Lol rub it in. I hope you saved that money. Your buying lunch for everyone :lol:

Shane


----------



## mydogisscout (Jun 24, 2005)

I think few of us from the new shop in Linden would be in for some fishing. lake ponemah is a better lake though.


----------



## deputy865 (Feb 7, 2004)

Well like Slowpoke said, to some its all about getting together. It is pretty fun. We get some unique things every year.. From CRAZY weather to convoys :lol:. Just ask a few of the "outing Veterans". I still have not decided where i want the outing. Its a little hard to stray away from Lake Fenton.

Shane


----------



## shawnfire (Nov 5, 2005)

i will make it this year, i have never fished ponmah (SP) that might be fun plus it is still close to your house?????


----------



## deputy865 (Feb 7, 2004)

Oh yea.. Its really close and easy to get to. Only concern is, is parking. My outing number grow with every year. I love it. But ill have to scout the lot to make sure everyone can fit. I hope we have more then 24 people this year. Thats the goal.
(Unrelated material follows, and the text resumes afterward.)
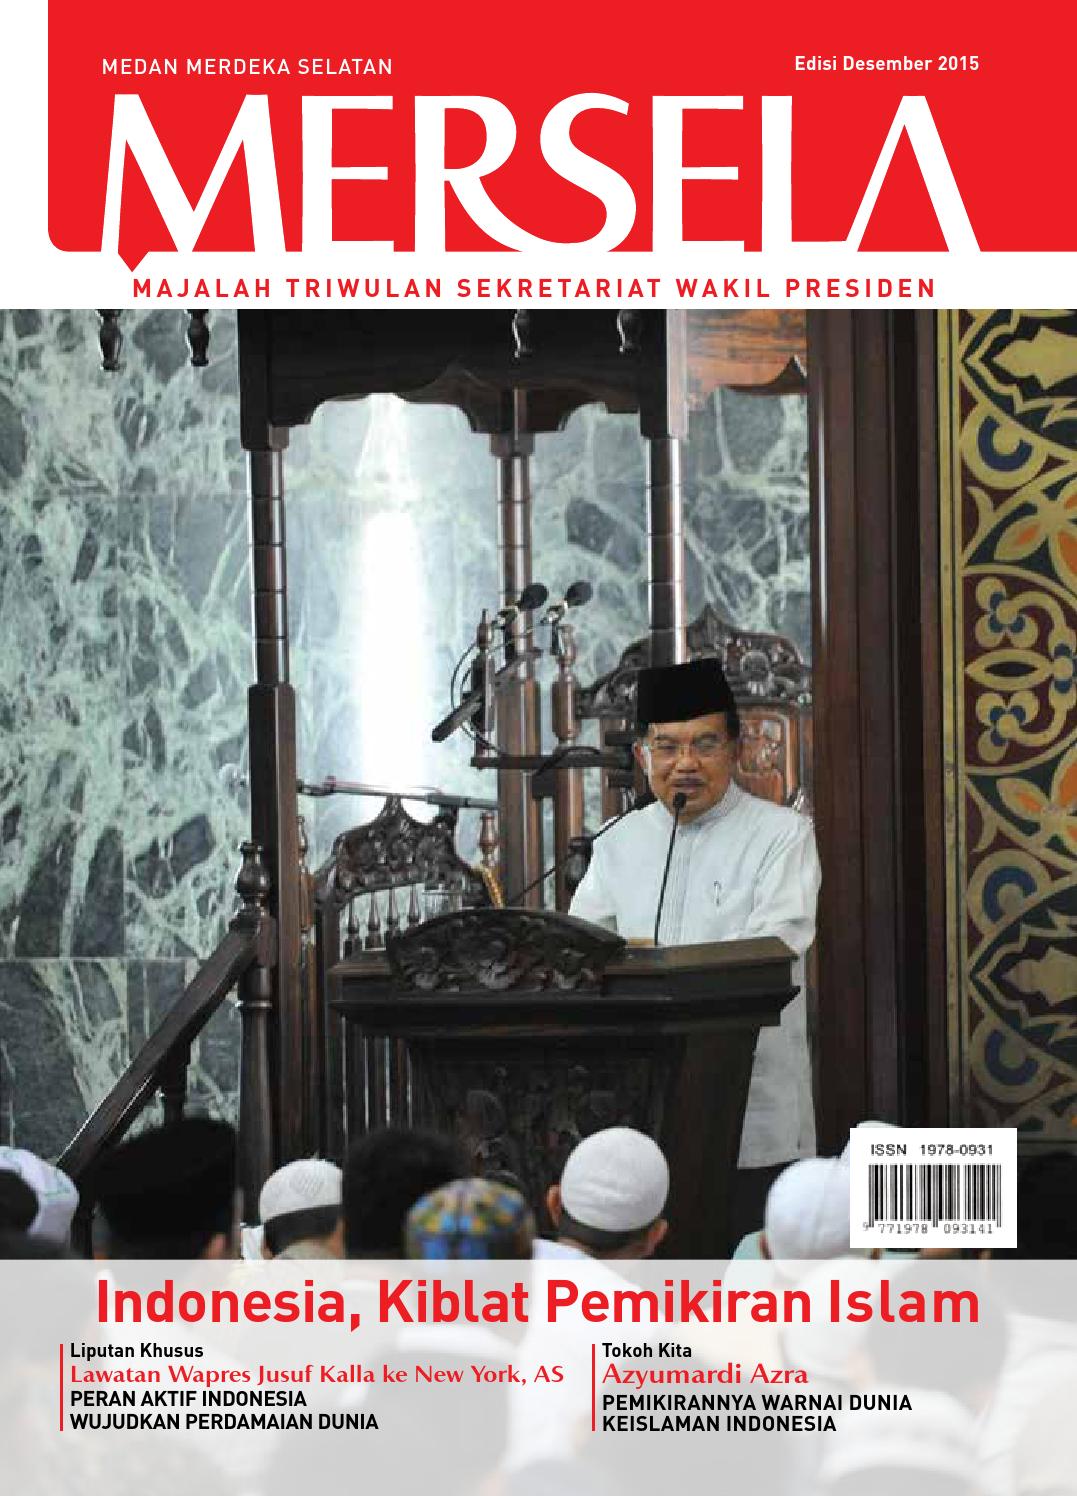 MERSELA : INDONESIA, KIBLAT PEMIKIRAN ISLAM

There are always like 45-50 people on the list.. So lets hope.

I think we need to actually cook lunch out on the ice this year. Pick a time for everyone to come in. Its always in the plans but never happens. So we HAVE to do it this year. I like to meet and talk with all of you, which i have.. But we are sportsman.. We practically live for bull**** out on the ice :lol:

Shane


----------



## Fur and Feathers (Apr 11, 2007)

Count the Up North Journal Team in the mix this year, we were going to do it last year, but something came up and we were out of town. I should be able to bring a couple of the guys on the team along with a few others. Looking forward to it!


----------



## deputy865 (Feb 7, 2004)

Fur and Feathers said:


> Count the Up North Journal Team in the mix this year, we were going to do it last year, but something came up and we were out of town. I should be able to bring a couple of the guys on the team along with a few others. Looking forward to it!


That would be really cool.. Ill have to start making my list of people so i can get my mass message written up.
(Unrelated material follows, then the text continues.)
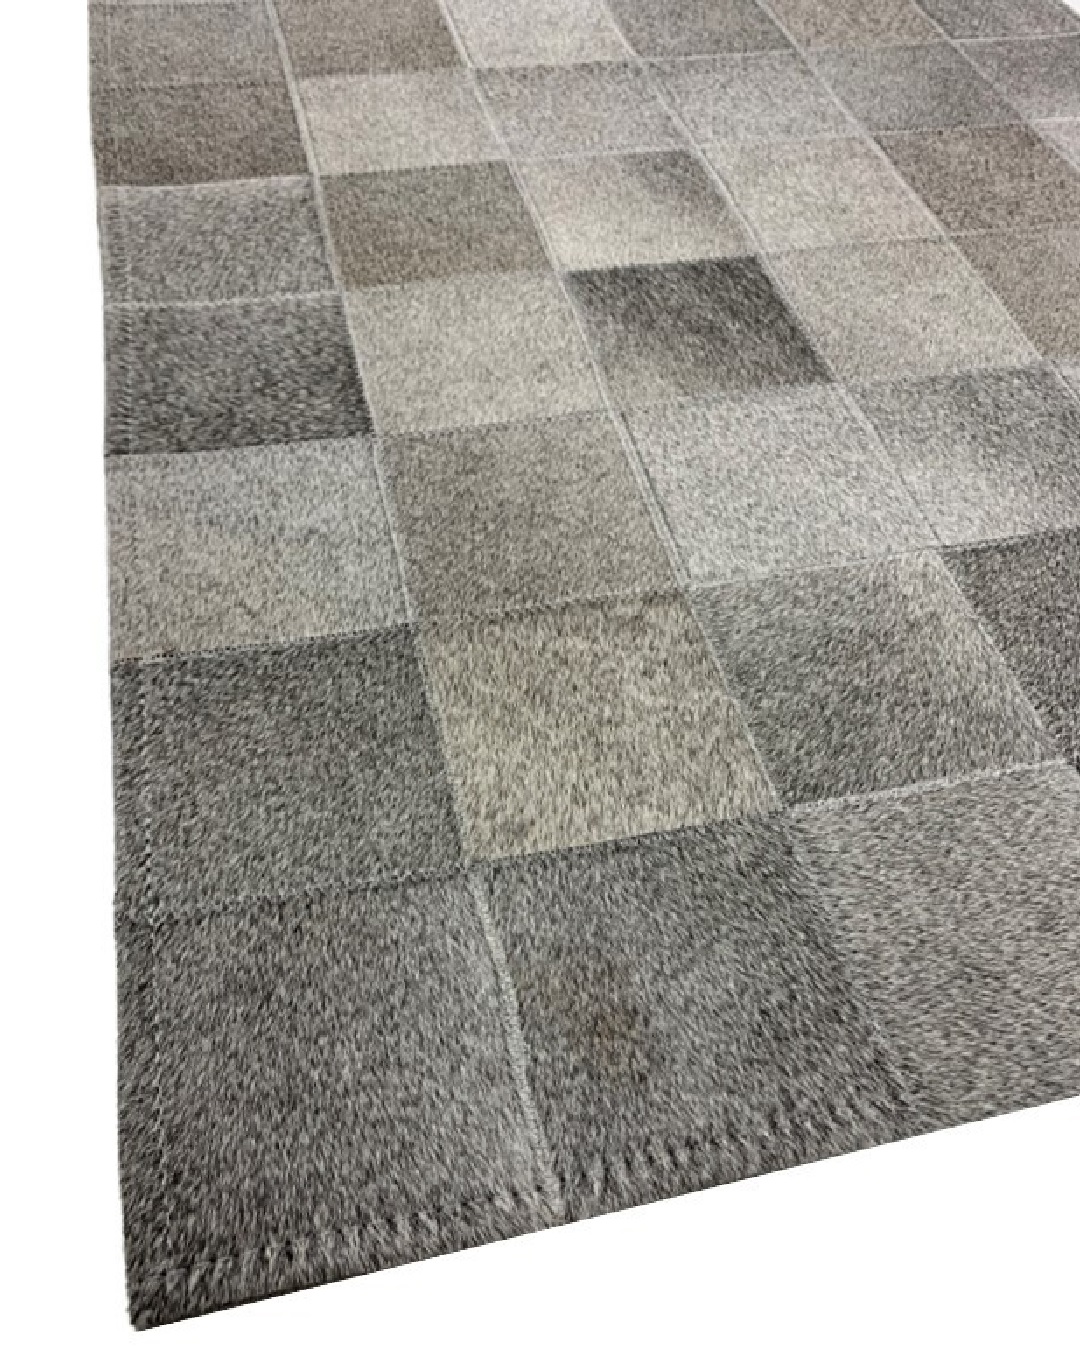 Cowhide patchwork rug grey gris

So what do you say boys, 1 tournament this year, $5 entry, Panfish only.. Crappie, Perch and Gills.. Must be over 6".. 100% Payout. Should it be most panfish over 6" or biggest panfish? Or split pot for both?

Shane


----------



## Duck-Hunter (Mar 31, 2005)

Im in and im sure Killer Duck is also. Lake Fenton does suck but it was cool meetin everyone. also was sweet to see the Lake Fenton Taxi Service

Im goin to win with biggest fish this year, ill just hook that carp that swam threw my hole last year.
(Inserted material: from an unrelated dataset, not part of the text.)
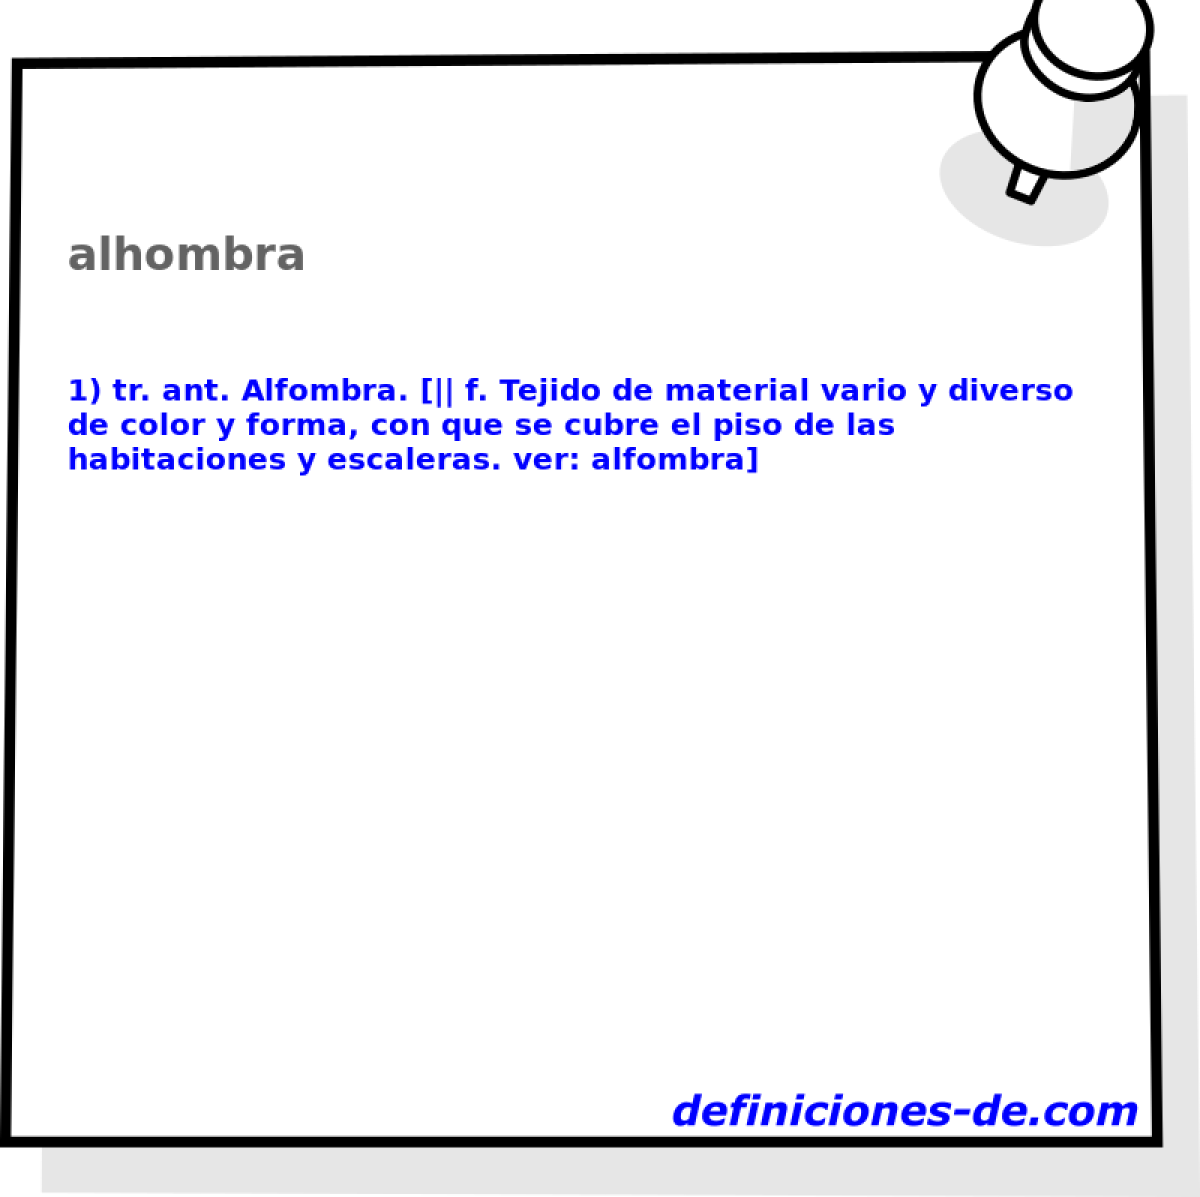 alhombra

Shane once we get some ice we will deff. have to fish it up. Im ready to rock already picked up some new jigs, rod and a shanty.


----------



## slowpoke (Jan 30, 2001)

Something to think about other DNR ramps. They don't plow them out. I have seen very heavy snow at the Lobdell DNR access which limited the parking and I couldn't get in. Lake Fenton seems to have the space all the time to park, maybe because it's hard to catch a fish, sometimes :lol:.
I vote to split the pot 1/2 for the most and 1/2 for the biggest pan fish. If 1 fish is the only one caught the he gets both pots. If no fish gets caught it goes to the MS site as a donation.


----------



## tommy-n (Jan 9, 2004)

Not trying to hi-jack your thread, just seems the turnout would be higher if you had it somewhere were the fishing is more productive. Sorry I'm not very familar with that area. Just going by what I have seen the last 3 years on the out come


----------



## deputy865 (Feb 7, 2004)

tommy-n said:


> Not trying to hi-jack your thread, just seems the turnout would be higher if you had it somewhere were the fishing is more productive. Sorry I'm not very familar with that area. Just going by what I have seen the last 3 years on the out come


The turnout numbers keep going up each year. But i am thinking of moving the outing to a different lake near by. Not sure though.

Shane


----------



## ibthetrout (Sep 24, 2003)

I have been there every year and Shane you are right there is always something new. Lake Fenton does suck! I hope that my partners in crime, Fractureman and Averageguy (sounds like 2 sub-par super heros if you ask me!) chime in. I have said every year that you should change the location, but every year I come back with stories to tell, not about the fish, but the lack of and more importantly the fun times. So I guess I am on the fence on moving the location, but I will be there whereever "there" is. I say $5 and split the pot for most over 6" and biggest fish (doesn't have to be panfish?). the whole meeting for lunch thing sounds great, but it's not practical. If we all fished in the same area that would work, but last year we took a bunch out to that bay to fish and were quite a distance away from you. I don't want to pull up stakes just for lunch. Now if Shane would share his super secret honey hole we could all fish in the sam spot!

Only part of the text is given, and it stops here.